Главная угроза иррационализации термина «культурная идентичность», искусственно превращаемого в сакральный центр новой мобилизационной идеологии, состоит в пробуждении примитивного натурализма

Воронка последних событий порождает множество иллюзий и не позволяет мыслить все происходящее отчетливо и ясно: рефлексия вязнет в локальных контекстах, самозабвенно любуется примитивными выдумками и блуждает лабиринтами идеологических штампов. Весь этот псевдоинтеллектуальный шум, поднятый бурей большого четырнадцатого года украинской истории, заглушает тихий логос бытия. Последний свидетельствуют о крушении главного государствобразующего проекта даосско-швейцарской идиллии, возникшей на развалинах идеологического и индустриального советского наследия как попытка реализации векового стремления украинского народа к обретению собственной «хаты с краю». Киевская вариация на тему гармонии у-вэй предполагала наличие производства шоколада и принципиального бездействия правителей при любых обстоятельствах, но с легкостью бабочки Чжуан-цзы обходилась без благоденствия народа, качественных часов и небесной перспективы совершенномудрых. Однако нехватка таких малозначительных деталей компенсировалась фундаментальной для местной псевдоморфозы ориентацией на прозябание в разрывах истории и растворении в неспешности естественных ритмов изначальной простоты.

Комфортное проживание ситуации даосского распада структур сопровождалось судорожными попытками поиска собственной идентичности, увиденной в эсхатологической перспективе в качестве единственного средства спасения.

Столь красочный даосский колорит желтых пшеничных полей под небесами голубого цвета только усиливался принципиальным разрывом с конфуцианским каноном исправления имен и растождествлением сущностей.
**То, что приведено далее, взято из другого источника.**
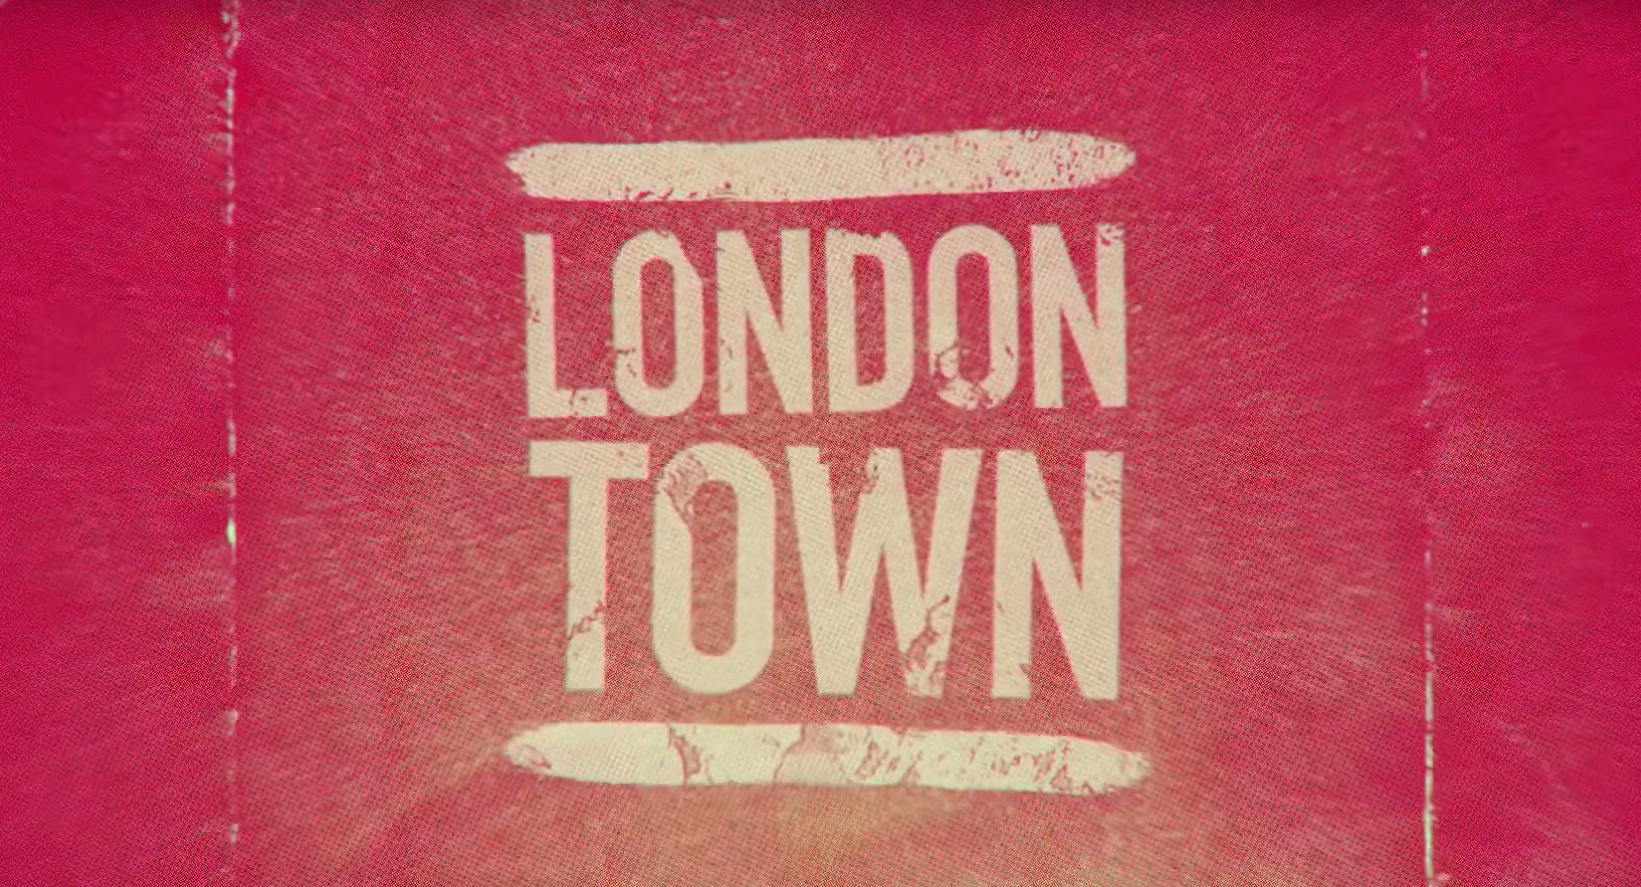 London town Trailer -

С достойным восхищения настойчивостью ученика, изучившего гексаграммы И-цзин, проводило в жизнь всеобщее искажение имен, культивируя добродетель государя не быть государем, сановника - сановником, отца - отцом…

Преодолев столь простые очевидности, пламенные адепты украинской версии «Даодэцзина» с рвением молодого неофита воплощали в жизнь основы великого учения и убедили всех, что «когда правительство деятельно, народ становится несчастным». Также, подражая древности и великим предкам, открывшим путь медитаций о великом квадрате, не имеющем углов, многие отказались от государственных дел и погрузились в созерцание геометрического изображения данного коана на изысканной керамике бронзового века. Патриархальная гармония мистических практик укреплялась радостным управлением без помощи знаний, необходимым итогом которого оказалось возвращение в благодатные времена плетения узелков и использования их вместо письма.

Комфортное проживание ситуации даосского распада структур сопровождалось судорожными попытками поиска собственной идентичности, увиденной в эсхатологической перспективе в качестве единственного средства спасения. При этом главная ошибка и соблазн оказались заключены в стремлении превратить рефлексивный механизм самоописания в последний предел бытия, великое дао, начало небо и земли.

Оказавшись в роли философского камня всеобщего преткновения, поиски собственного лица и легитимной исторической традиции обернулись претенциозными разговорами в рамках поэтики общих мест. Ведущим фактором, обесценивающим практики и стратегии обретения себя в мире, является чрезмерный интерес эпохи. Повышенное любопытство к определенной теме со стороны духа века не только спасает ее от забытья в обсуждениях высоколобыми специалистами, но и обрекает на исчезновение в мутном потоке штампов журналистского сознания, оперирующего однообразными цитатами и упрощенными гносеологическими способами приручения материала.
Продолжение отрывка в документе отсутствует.